Kong's access logs go to your own infrastructure — Loki, Elasticsearch, or a log file — under EU control. No data flows to US-controlled AWS services. SSL certificates are managed by your own cert-manager instance.

Deployment: Kong can run as a Docker Compose service or as a Kubernetes deployment (Kong Ingress Controller for Kubernetes environments). Hetzner Cloud provides the base infrastructure. A CPX21 instance (2 vCPU, 4GB RAM, €5.83/month) handles significant API traffic.

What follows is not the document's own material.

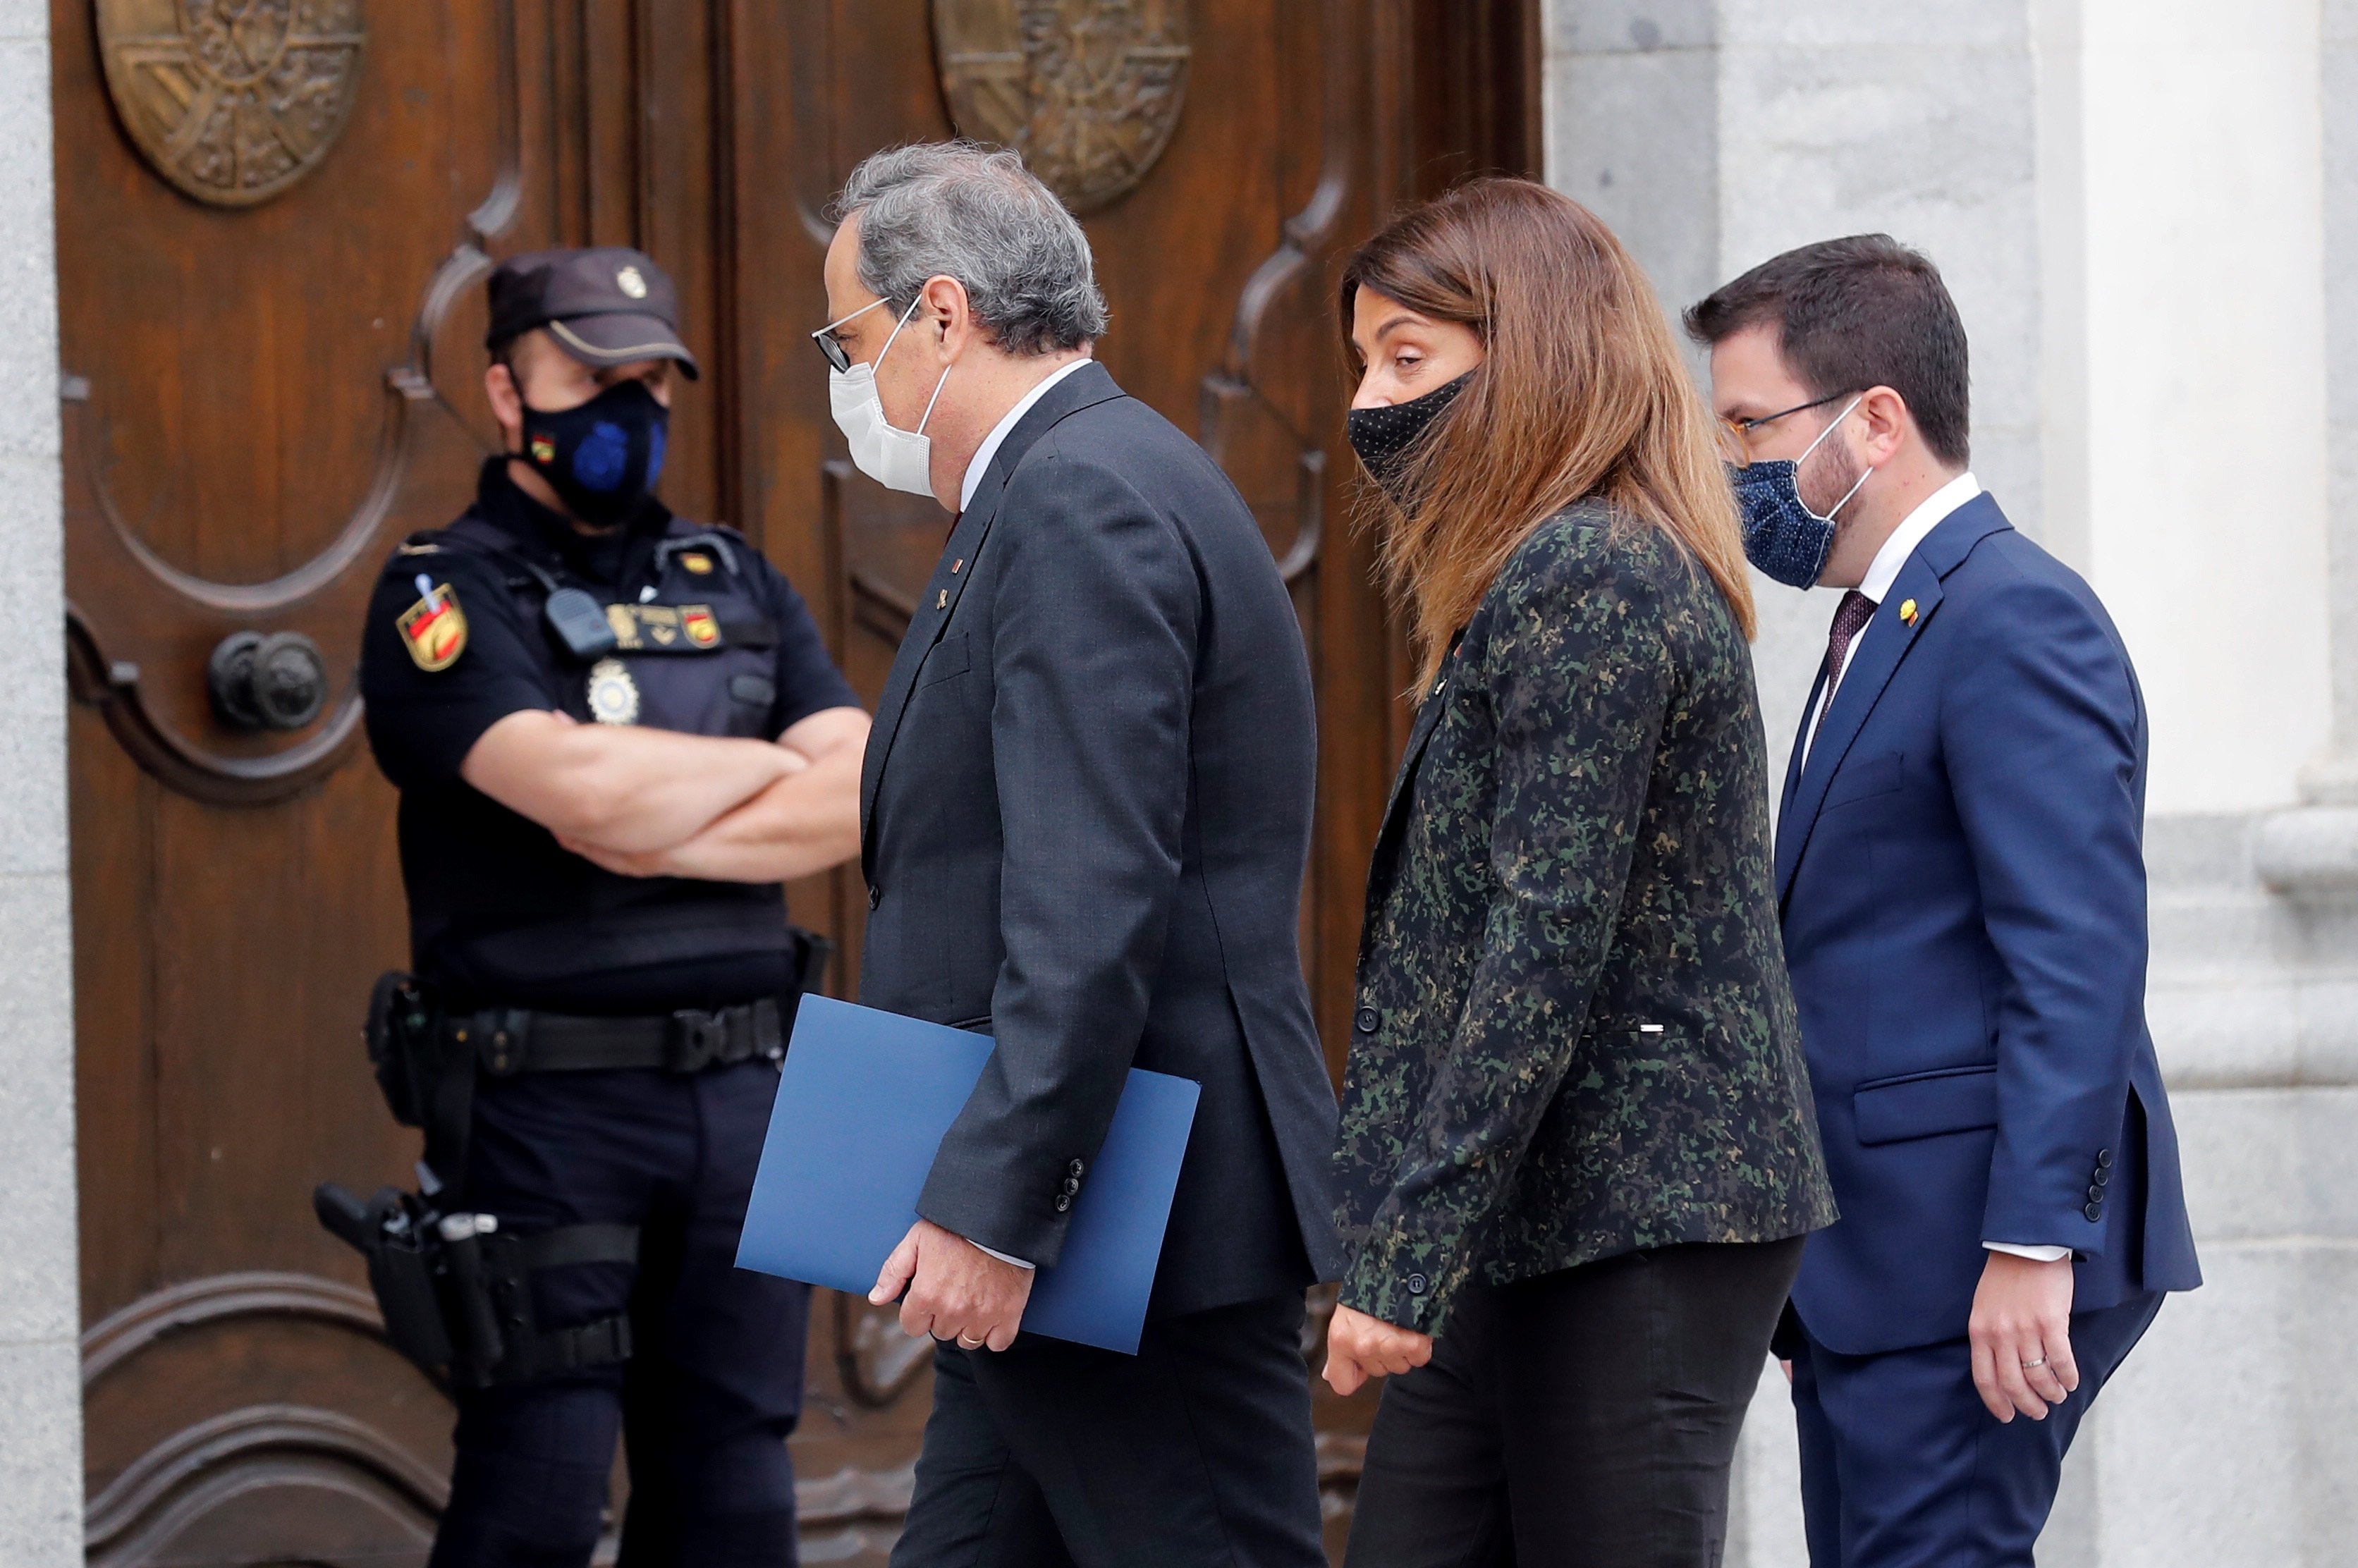 "The conflict has returned": world media report Catalan president's court case
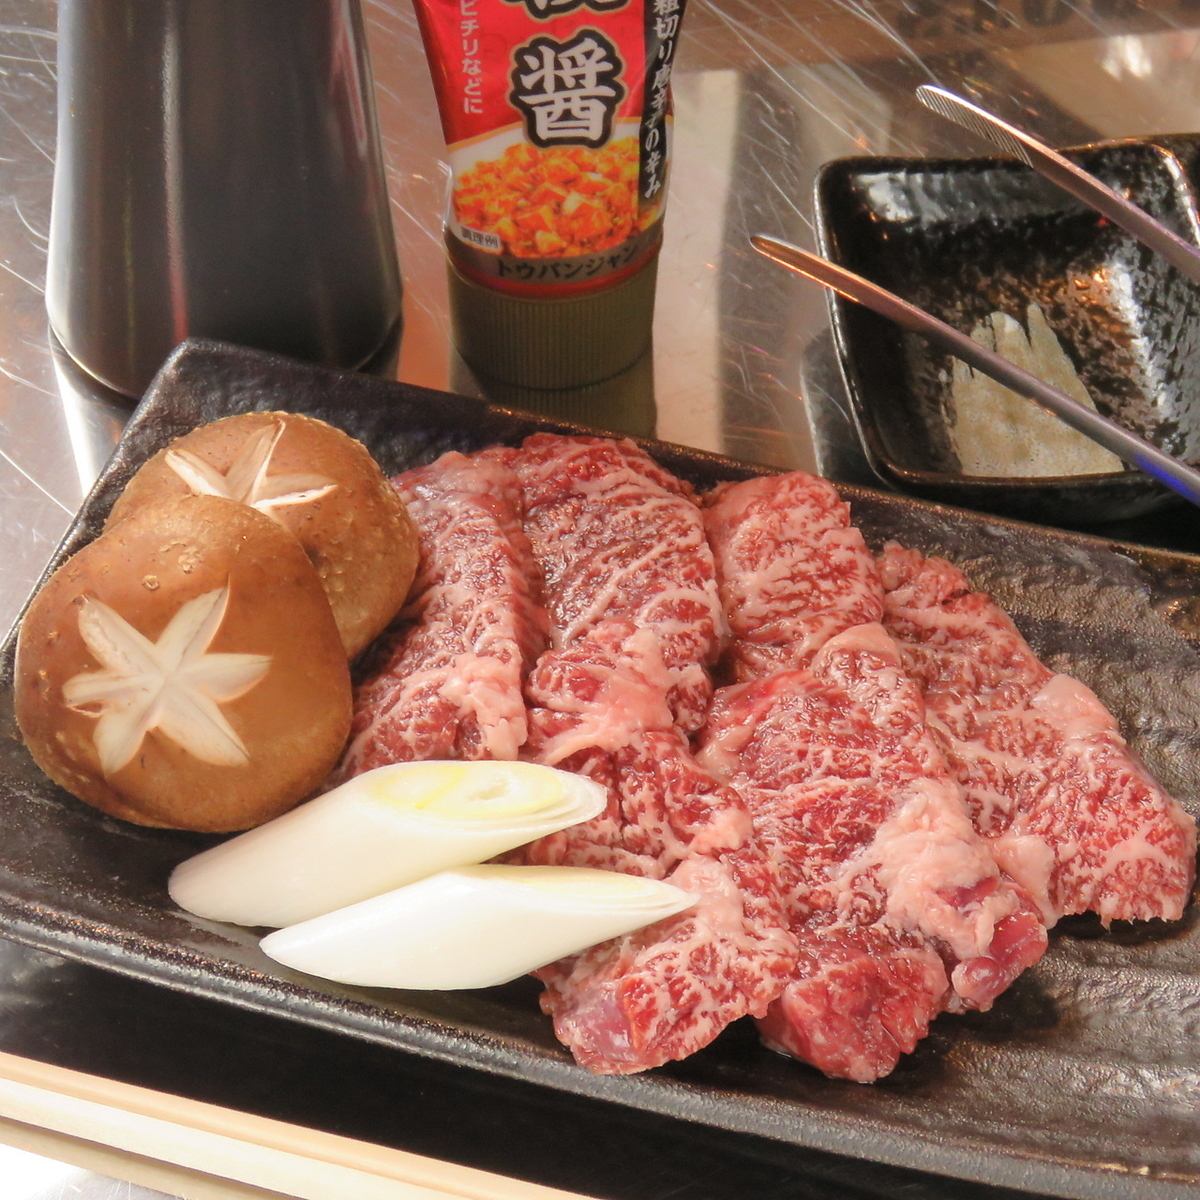 It's perfect for everyday use such as friends and family ♪ Enjoy the special Korean food!

Use case fit: REST APIs, microservices API management, B2B API portals with API key management.

Traefik on Hetzner

Traefik is a cloud-native reverse proxy and API gateway with native Kubernetes integration. Deployed on Hetzner Cloud, Traefik provides:

• HTTP/HTTPS routing with automatic TLS via Let's Encrypt
• Middleware for authentication, rate limiting, headers manipulation, circuit breaking
• Access logging to stdout or files (JSON format, configurable fields)
• Metrics export to Prometheus
• Native Docker and Kubernetes service discovery

Traefik's access logs are configurable at the field level: you can exclude the IP address field from logs, or hash it before storage, to reduce GDPR exposure while retaining operational value. This field-level control is not available in API Gateway.

Use case fit: Kubernetes-native microservices, container-based deployments on Hetzner Cloud or Exoscale. Particularly strong for teams using Docker Compose or Kubernetes on EU infrastructure.

NGINX Unit or NGINX Plus (Self-Hosted)

NGINX Unit is a dynamic application server that can serve as an API gateway with routing, load balancing, and TLS termination. NGINX Plus adds advanced API management features. Self-hosted on Hetzner or OVHcloud, NGINX-based solutions keep all request data on EU infrastructure.

NGINX access logs use a configurable format. Teams can log only the fields necessary for operational purposes (HTTP method, response code, latency) without logging IP addresses or request paths containing user identifiers.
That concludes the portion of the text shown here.